In the meantime, I was sent home from the hospital yesterday afternoon with a heart monitor to definitively rule out cardiac issues. I am not allowed to work or drive until I am cleared by a doctor. They did say I can still do laundry, so… awesome.

I have been really overwhelmed by those of you who have reached out for updates and well-wishes. I appreciate it so much. I don’t think I have ever spent so much time on my phone before, so we can add carpal tunnel to my list of possible diagnoses. In all seriousness though I was amazed to sit back and watch #AdamsActs just explode before my eyes, knowing that it literally had nothing to do with me. You guys, are amazing.

I have been trying very hard not to get down on myself or feel like I’ve let ya down. Seeing everything you guys are doing to spread kindness, positivity and love has been such an encouragement to me that it has helped keep me in good spirits. I thought about doubling up acts of kindness to catch up, but I am releasing myself from that because I am wearing a heart monitor as we speak and I don’t need that kinda pressure.

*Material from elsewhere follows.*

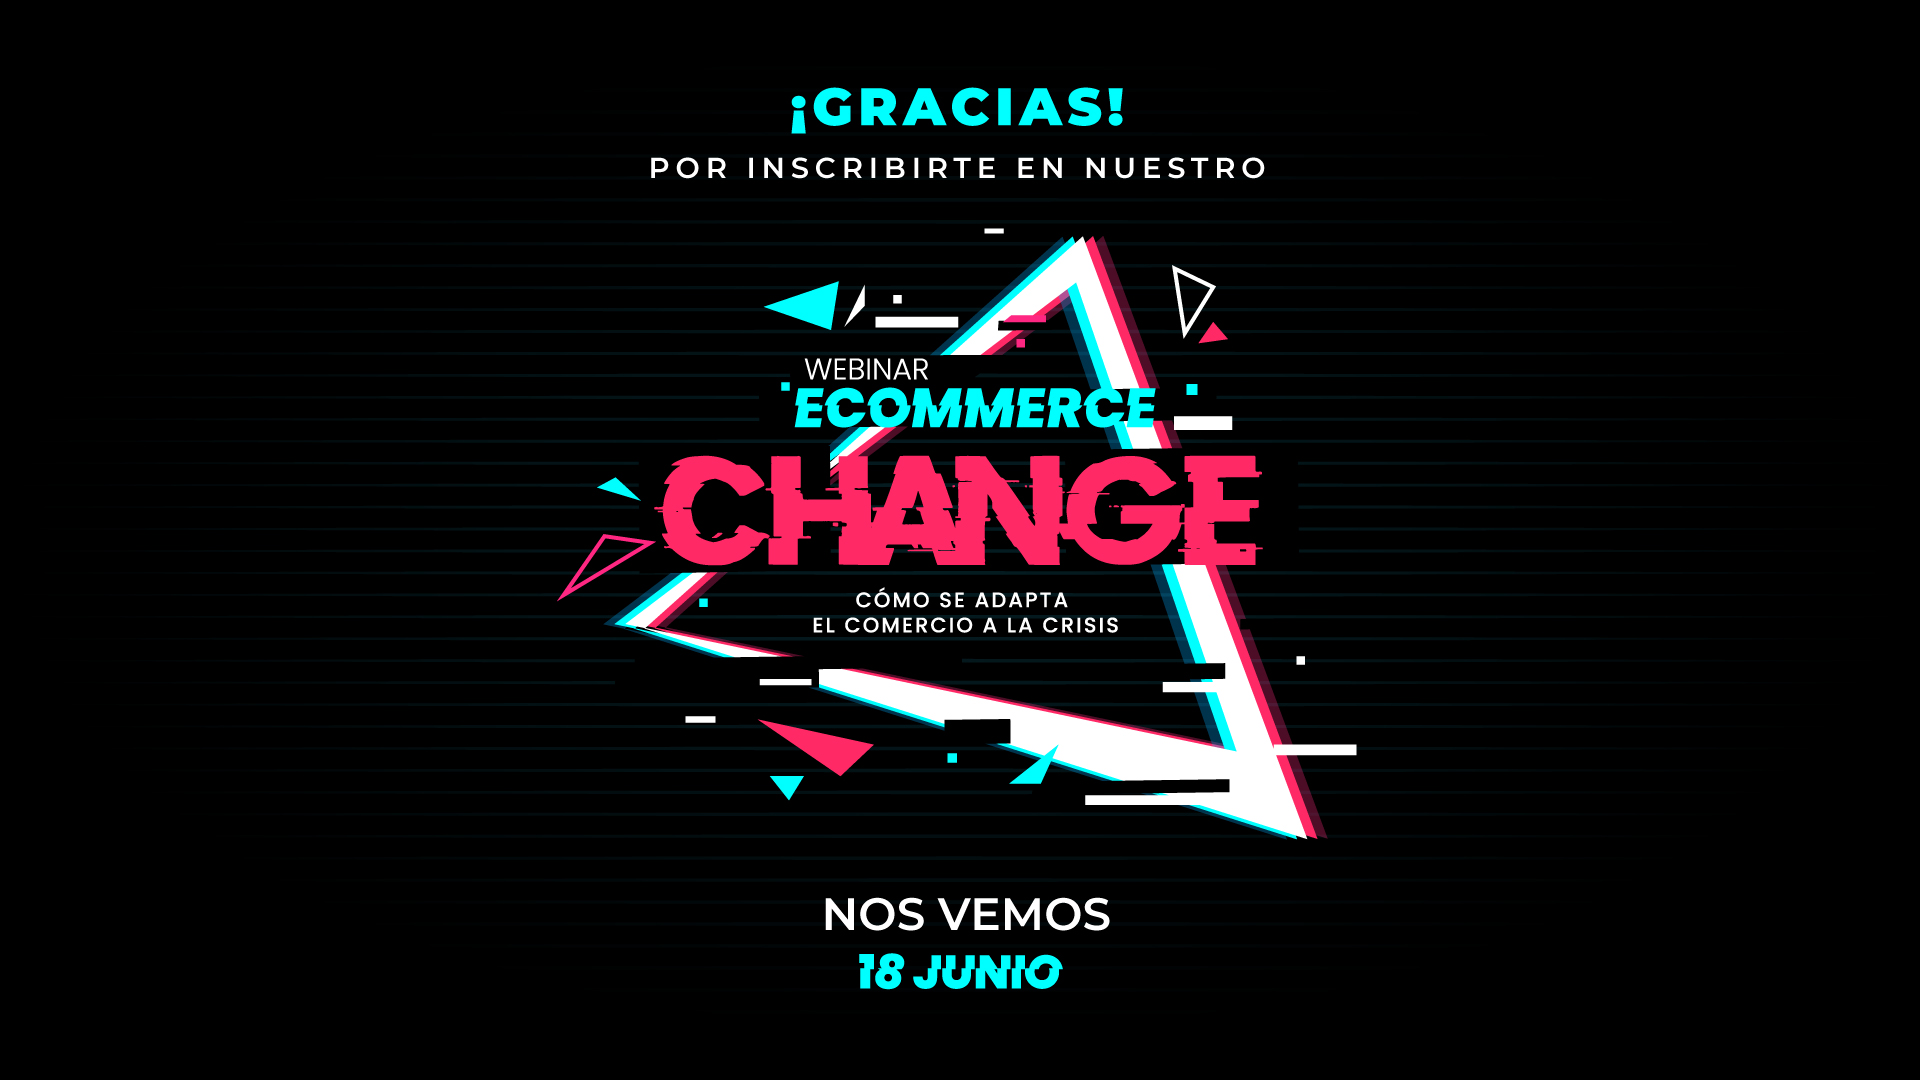 Webinar Gracias webinar ecommerce change
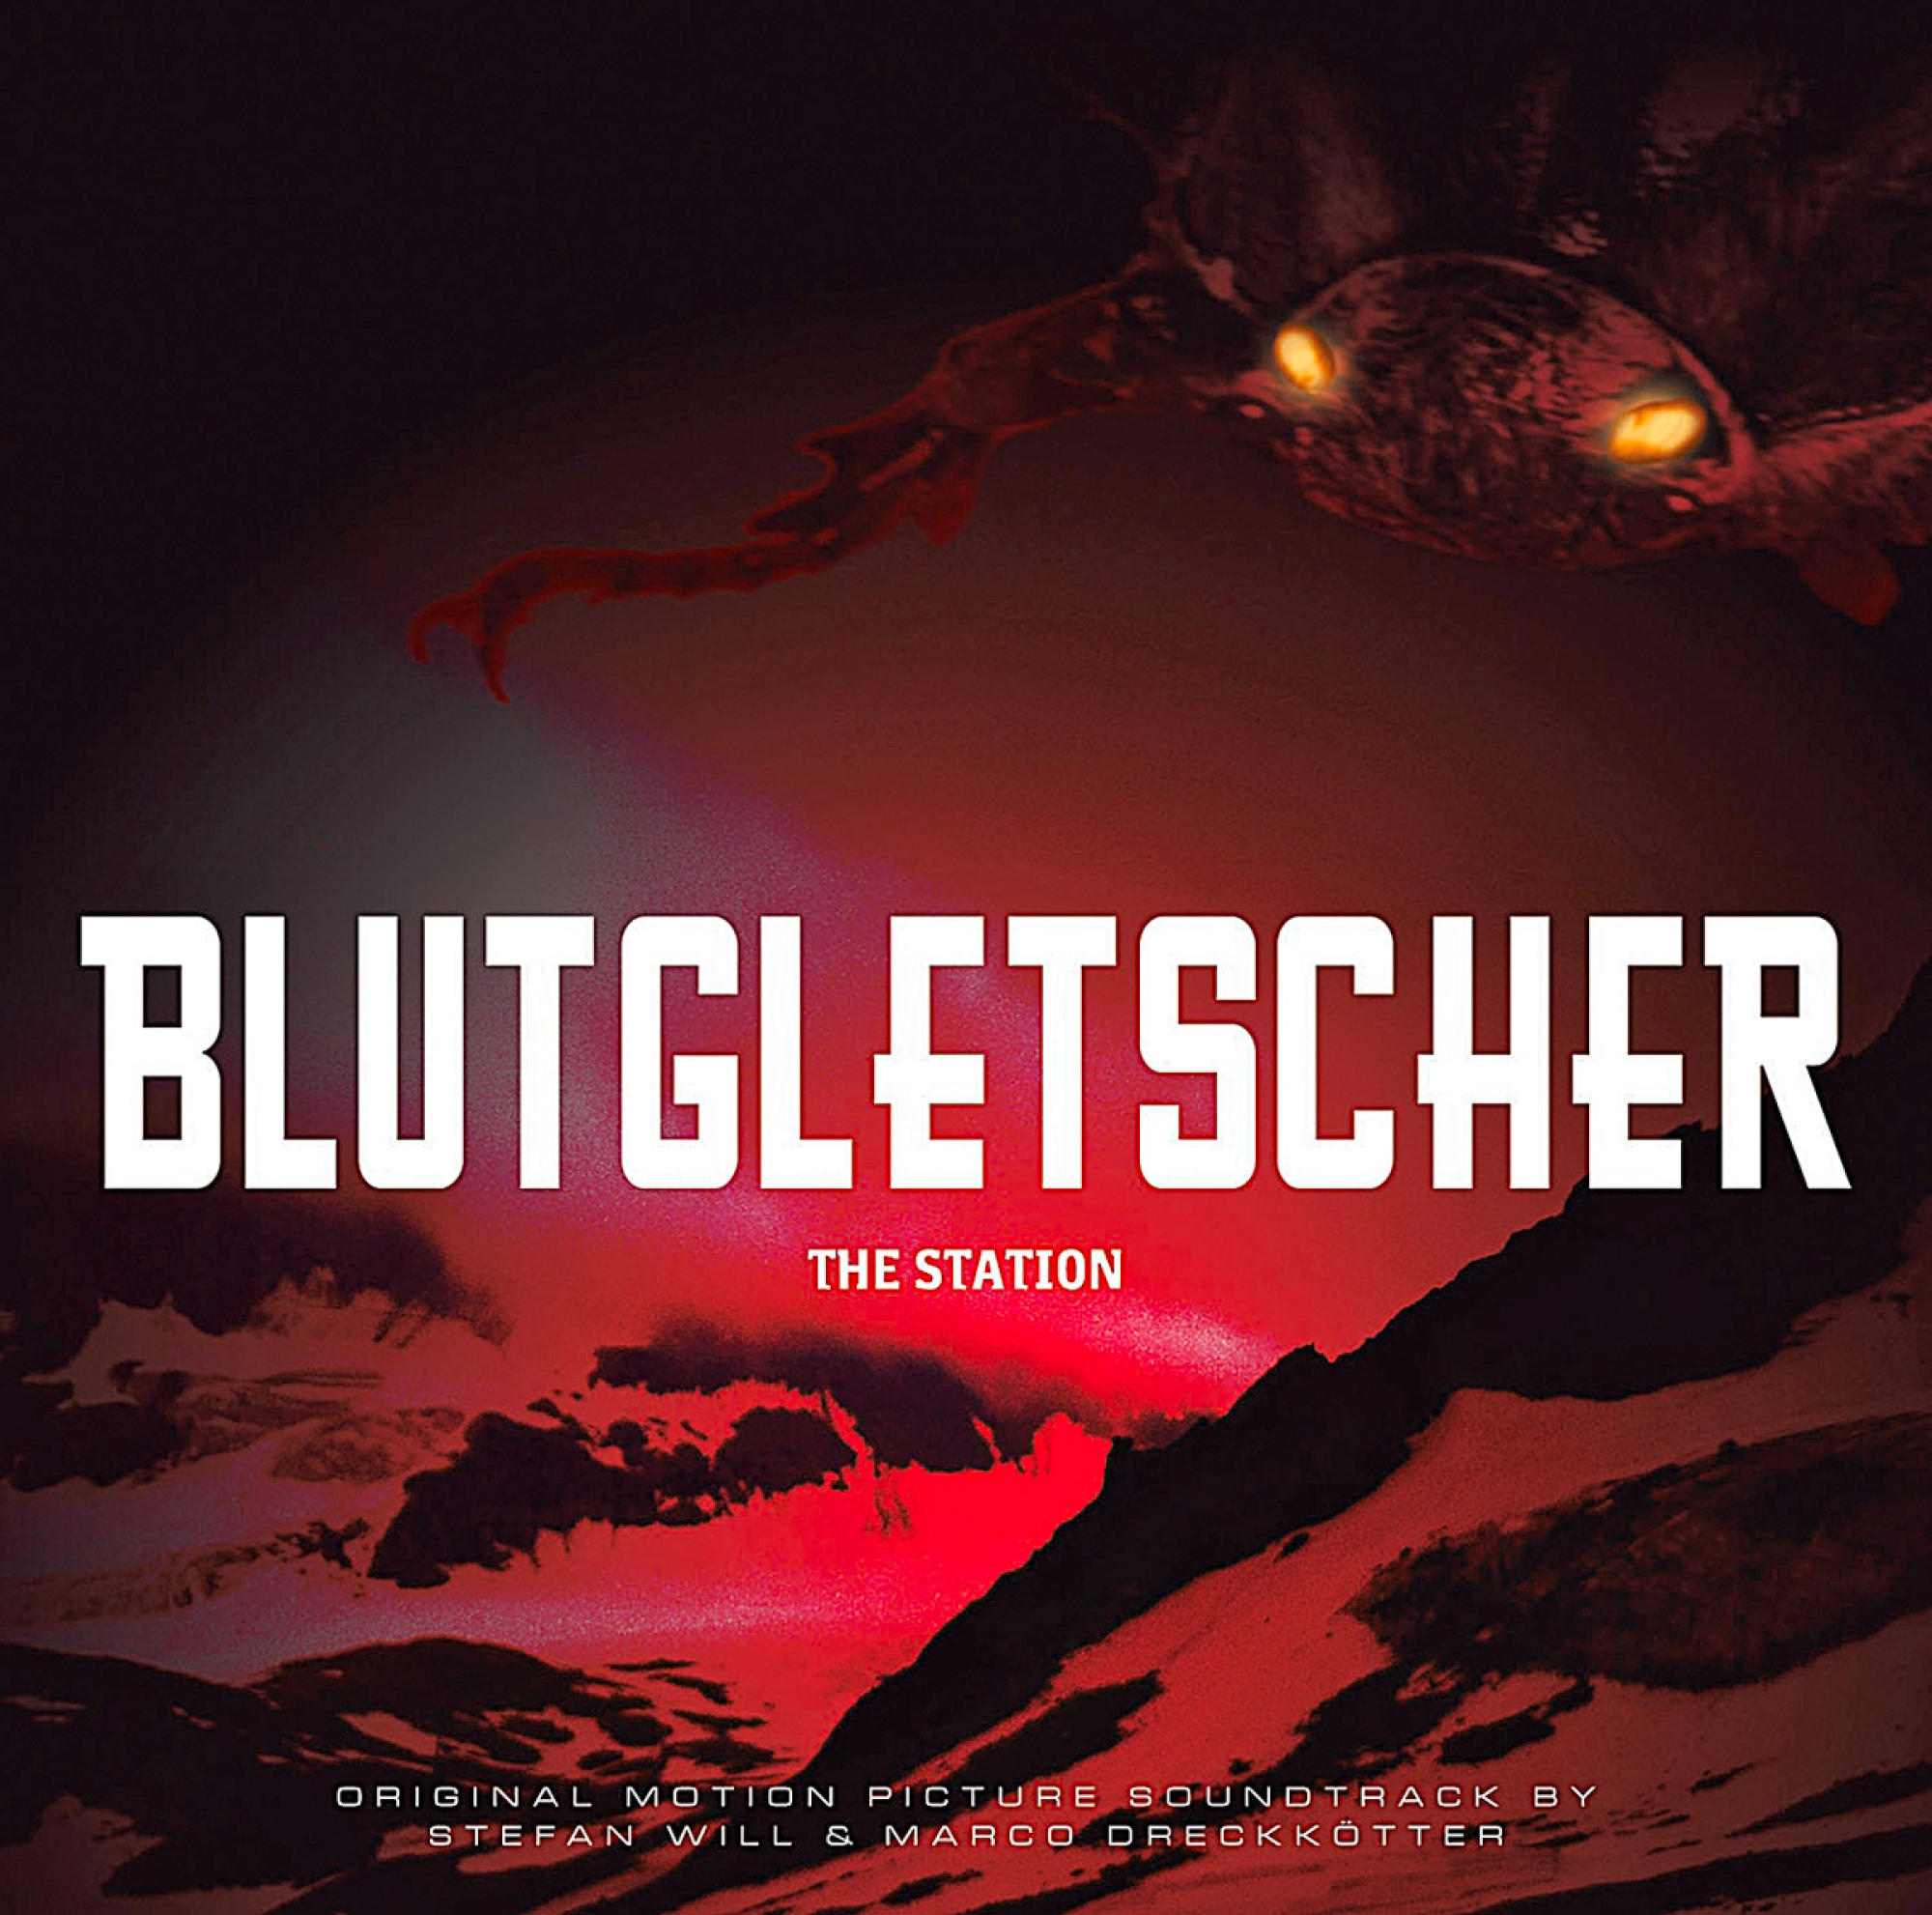 VARIOUS, O.S.T. - Blutgletscher (Bonus:Rammbock Soundtrack) (CD)

For Day 6, I will tell you the highlight reel of my stay in the hospital. I had planned to extend kindness during my stay… but oh boysies. Here’s how it went down. I was put in a “room” with a curtain separating me from an older, unstable gentleman who burned his feet up from walking too much. It was actually quite sad, but also he kept swearing at me and accusing me of stealing his sunglasses, so I feel like it’s ok for me to get a good story out of the abuse, if nothing else.

I knew it was going to be a long night when he got started on the Communists and the Russians. I have to admit, I didn’t see all the smoking coming though. Yep. That’s right. This man perpetually yelled “Nurse! Nurse! I gotta go number two!” As it turns out, “Number Two” is very much code for “Smoking in the Hospital Bathroom.” Every time he came back in the room the nurse would yell at him and apologize to me… and eventually I got my very own bottle of air freshener!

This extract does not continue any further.